Attempt:
Write $\dfrac{c_n}{c_{n+1}} = \dfrac{ a_0 b_n + a_1 b_{n-1} + … + a_nb_0 }{a_0b_{n+1} + a_1 b_n + … + a_{n+1} b_0} $
I can see this approach may seem a little laborious. I was trying to compute $\lim c_n/c_{n+1}$ and show that this is $R$ or at least $\leq R$. Any hints?
As for the secont part,notice that
$$ f(z) g(z) = (a_0 + a_1 z + a_2 z^2 + …. )(b_0 + b_1 z + b_2 z^2 + … ) = a_0b_0 + (a_0 b_1 + b_0 a_1 + a_0b_0 ) z + … $$
So, it is clear that eventually $c_n$ will have the same representation that is given. Now, how do I make this argument formal? I mean it seems obvious…
Best Answer
By Mertens Theorem if the series $\sum_{n=0}^{\infty}x_n\rightarrow x$ and $\sum_{n=0}^{\infty}\rightarrow y$ and the latter series converges absolutely, then their Cauchy product $$\sum_{n=0}^{\infty}z_n=\sum_{n=0}^{\infty}\sum_{k=0}^{n}x_ky_{n-k}\rightarrow xy$$. Applying this to the power series' $f(z)$ and $g(z)$ you can conclude that the radius of convergence is at least $R$.
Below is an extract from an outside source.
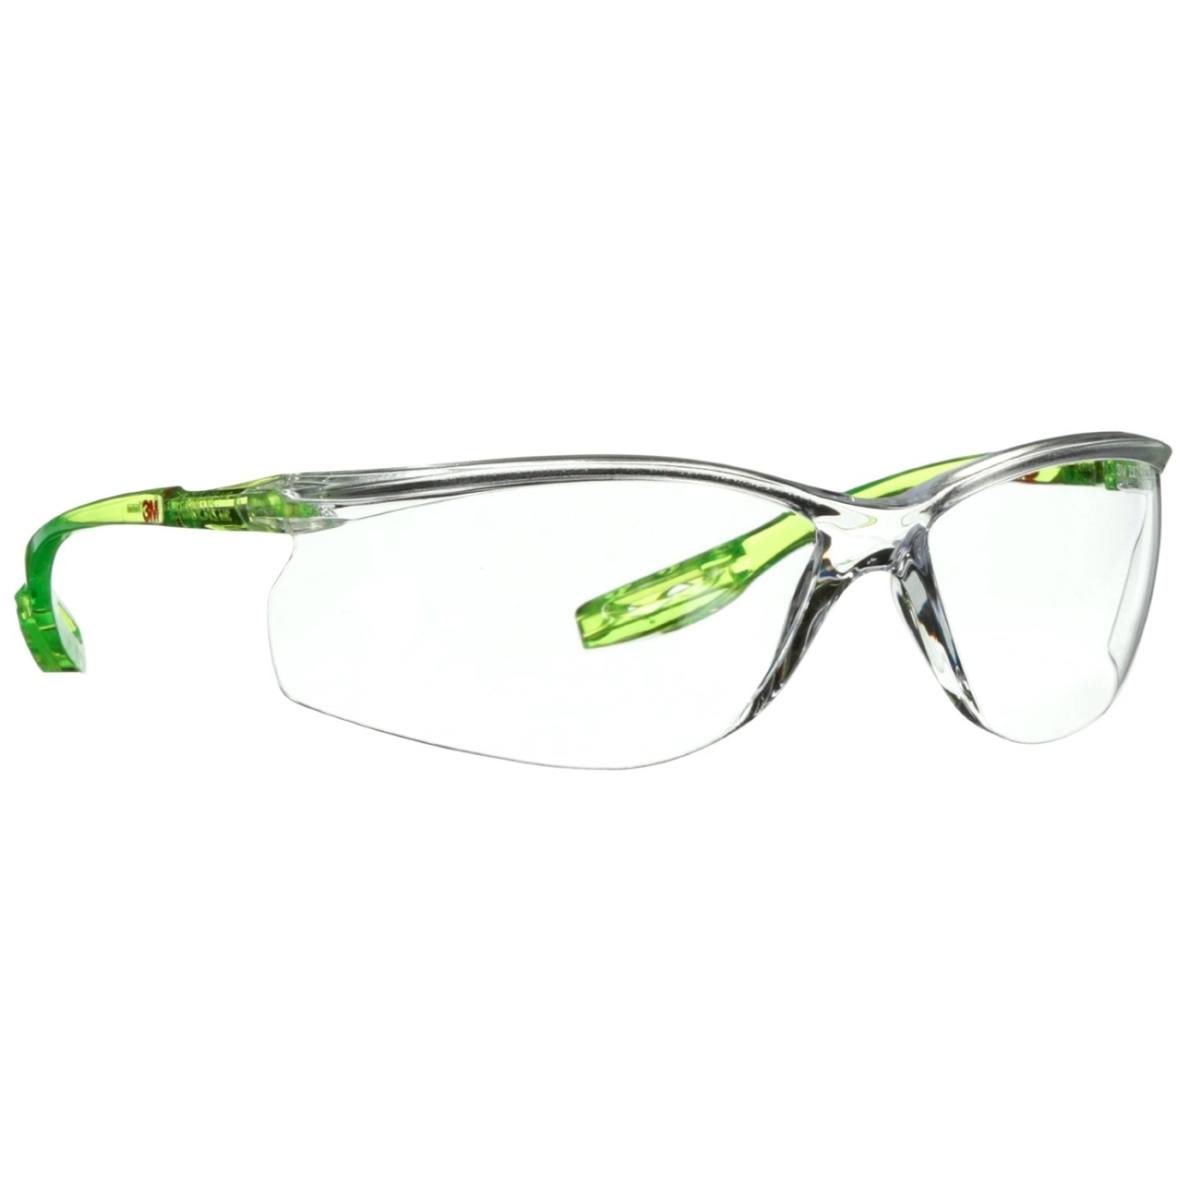 3M Solus safety spectacles CCS series, lime green temples, Scotchgard anti-fog/anti-scratch coating (K &amp; N), clear lenses, SCCS01SGAF-GRN-EU

For a proof of Mertens theorem see https://en.m.wikipedia.org/wiki/Cauchy_product#Convergence_and_Mertens.27_theorem
Let $f(z)$ be the Taylor series expansion of $\frac{1}{\sqrt{1-x}}$ about $0$ and $g(z)$ be the Taylor series expansion of $\sqrt{1-x}$ about $0$. Both have radius of convergence $1$ but their product is the constant power series $1$ and hence has radius of convergence $\infty$.